Customize your JAMA Network experience by selecting one or more topics from the list below.
de Carvalho-Teles V, Sennes LU, Gielow I. Speech Evaluation After Palatal Augmentation in Patients Undergoing Glossectomy. Arch Otolaryngol Head Neck Surg. 2008;134(10):1066–1070. doi:10.1001/archotol.134.10.1066
To assess, in patients undergoing glossectomy, the influence of the palatal augmentation prosthesis on the speech intelligibility and acoustic spectrographic characteristics of the formants of oral vowels in Brazilian Portuguese, specifically the first 3 formants (F1 [/a, e, u/], F2 [/o,ó, u/], and F3 [/a,ó/]).
Speech evaluation with and without a palatal augmentation prosthesis using blinded randomized listener judgments.
Tertiary referral center.
Thirty-six patients (33 men and 3 women) aged 30 to 80 (mean [SD], 53.9 [10.5]) years underwent glossectomy (14, total glossectomy; 12, total glossectomy and partial mandibulectomy; 6, hemiglossectomy; and 4, subtotal glossectomy) with use of the augmentation prosthesis for at least 3 months before inclusion in the study.
Main Outcome Measures
Spontaneous speech intelligibility (assessed by expert listeners using a 4-category scale) and spectrographic formants assessment.

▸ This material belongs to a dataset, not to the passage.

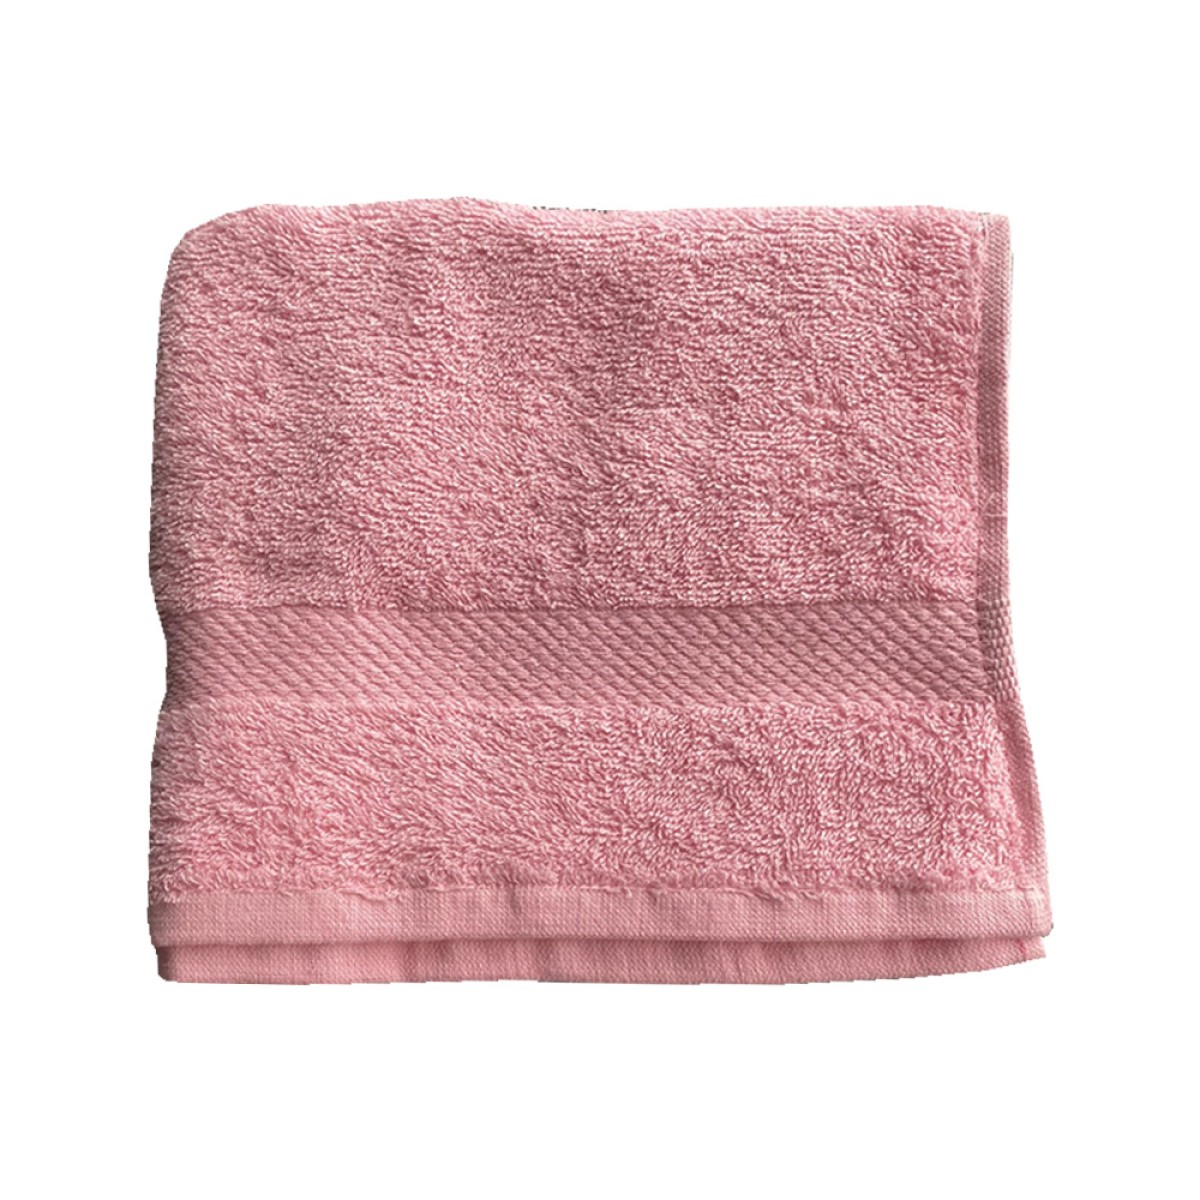 Πετσέτα Προσώπου 450grs (50x90) 100% Βαμβάκι με μπορντούρα με ανάγλυφο σχέδιο ροζ χρώμα Sidirela Toulip E-1765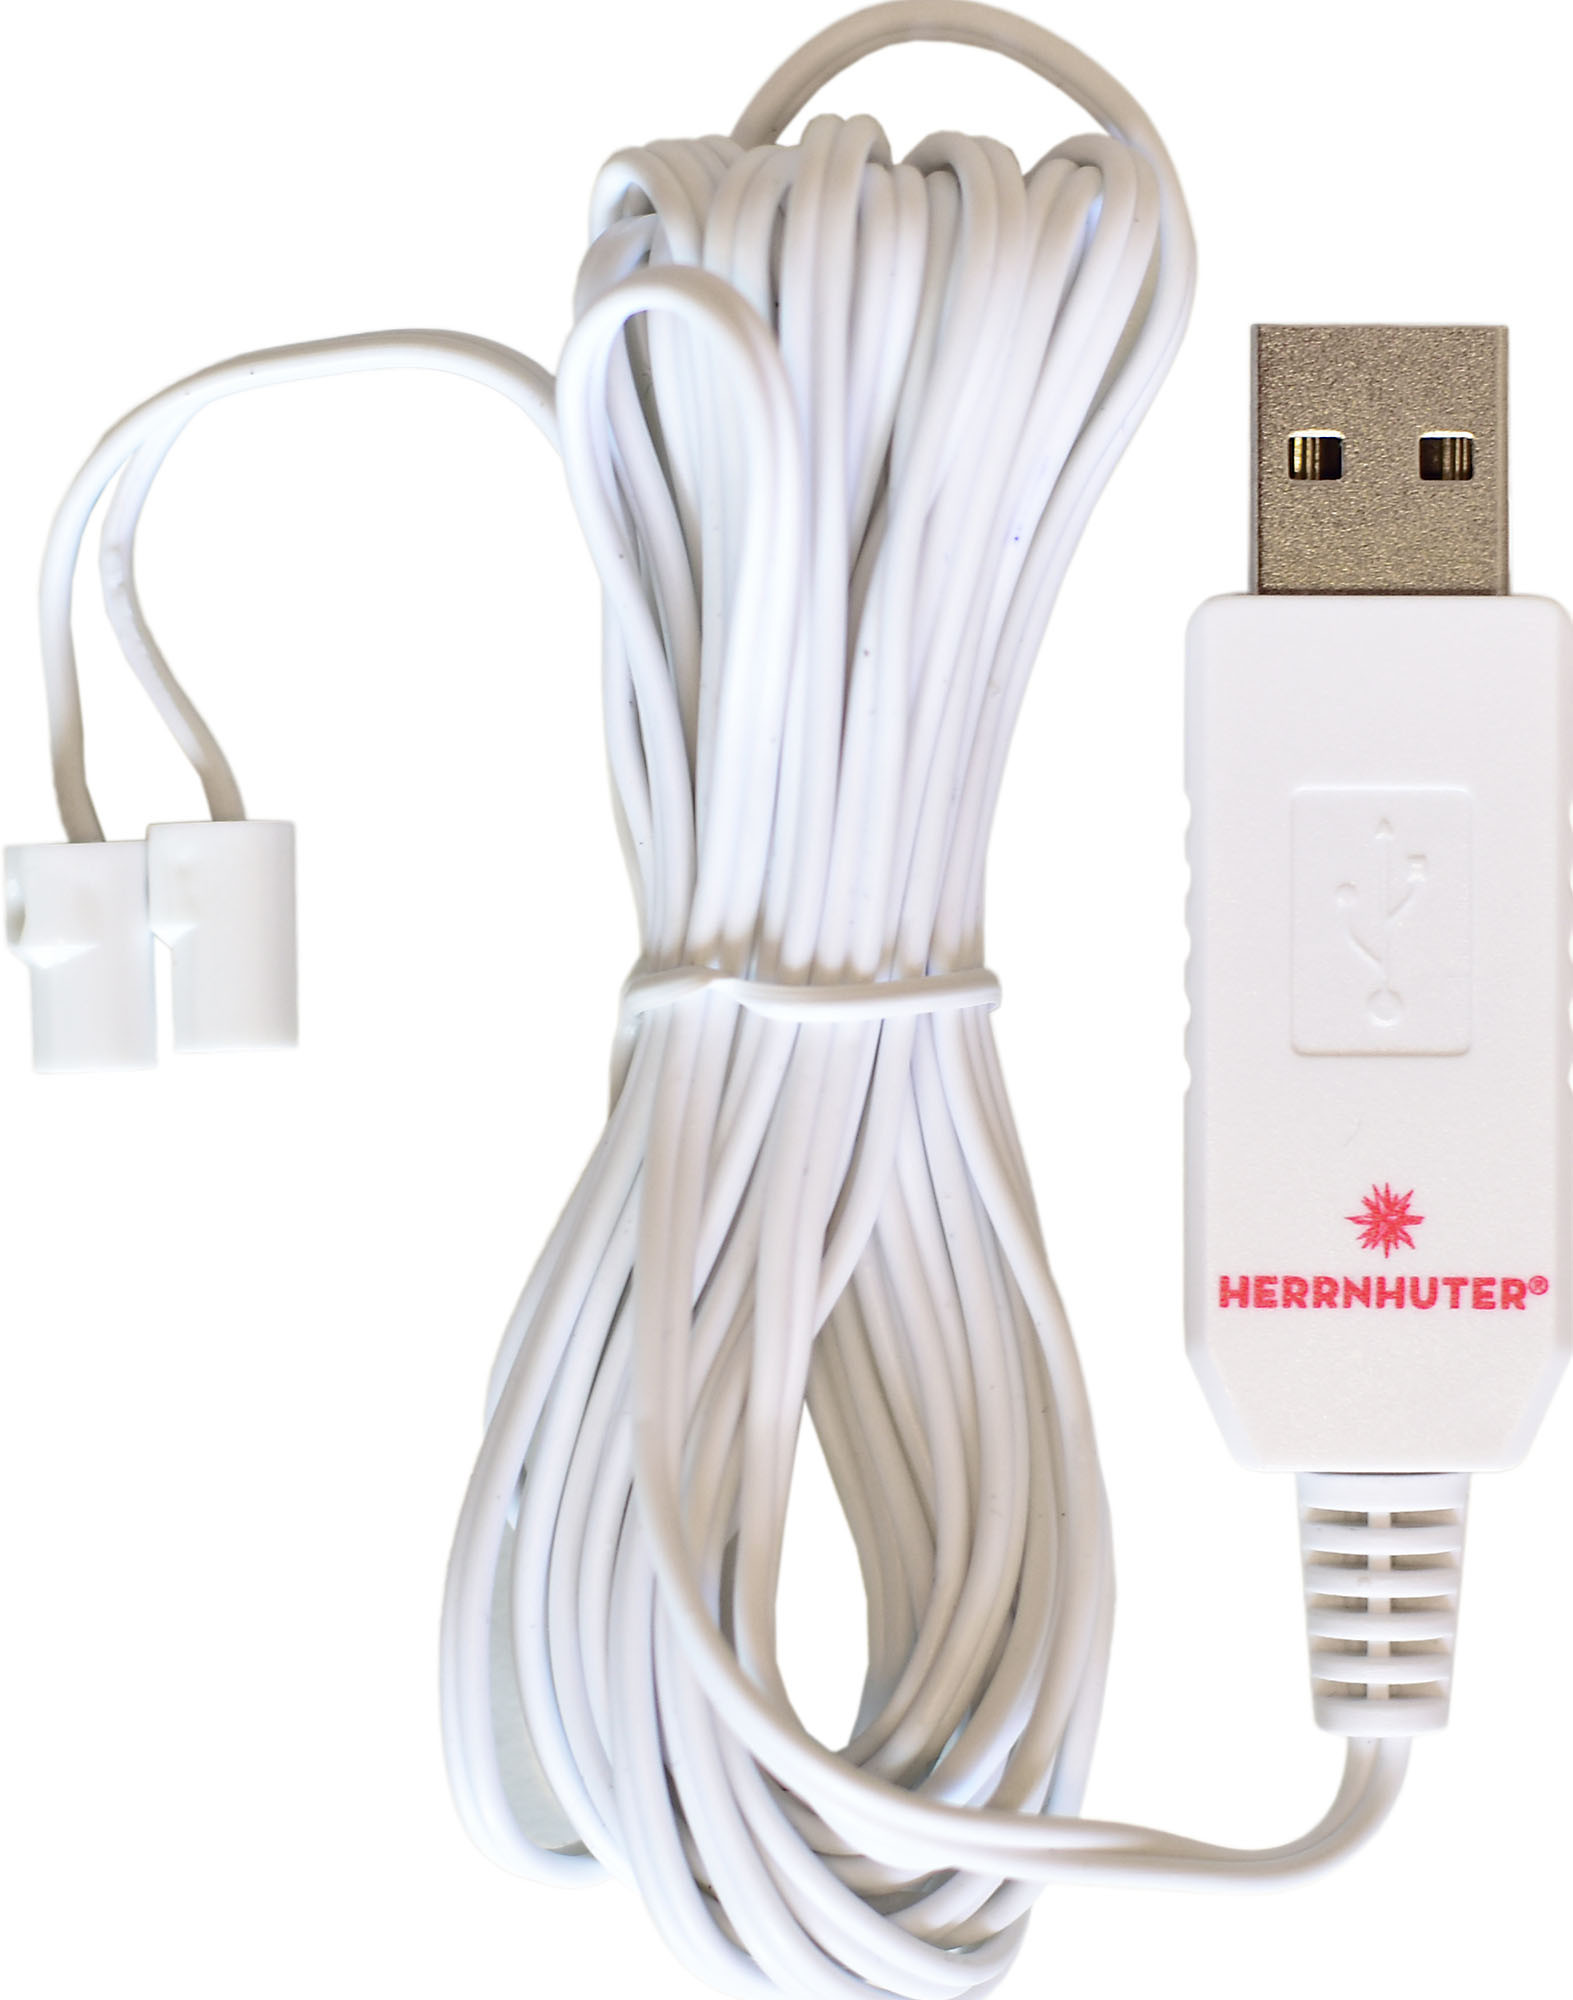 Herrnhuter USB-Adapter für Sterne A1e, A1b und Miniatursterne

We found a statistically significant improvement of spontaneous speech intelligibility and the average number of correctly identified syllables with the use of the prosthesis (P < .05). Statistically significant differences occurred for the F1 values of the vowels /a, e, u/; for F2 values, there was a significant difference of the vowels /o,ó, u/; and for F3 values, there was a significant difference of the vowels /a,ó/ (P < .001).
The palatal augmentation prosthesis improved the intelligibility of spontaneous speech and syllables for patients who underwent glossectomy. It also increased the F2 and F3 values for all vowels and the F1 values for the vowels /o,ó, u/. This effect brought the values of many vowel formants closer to normal.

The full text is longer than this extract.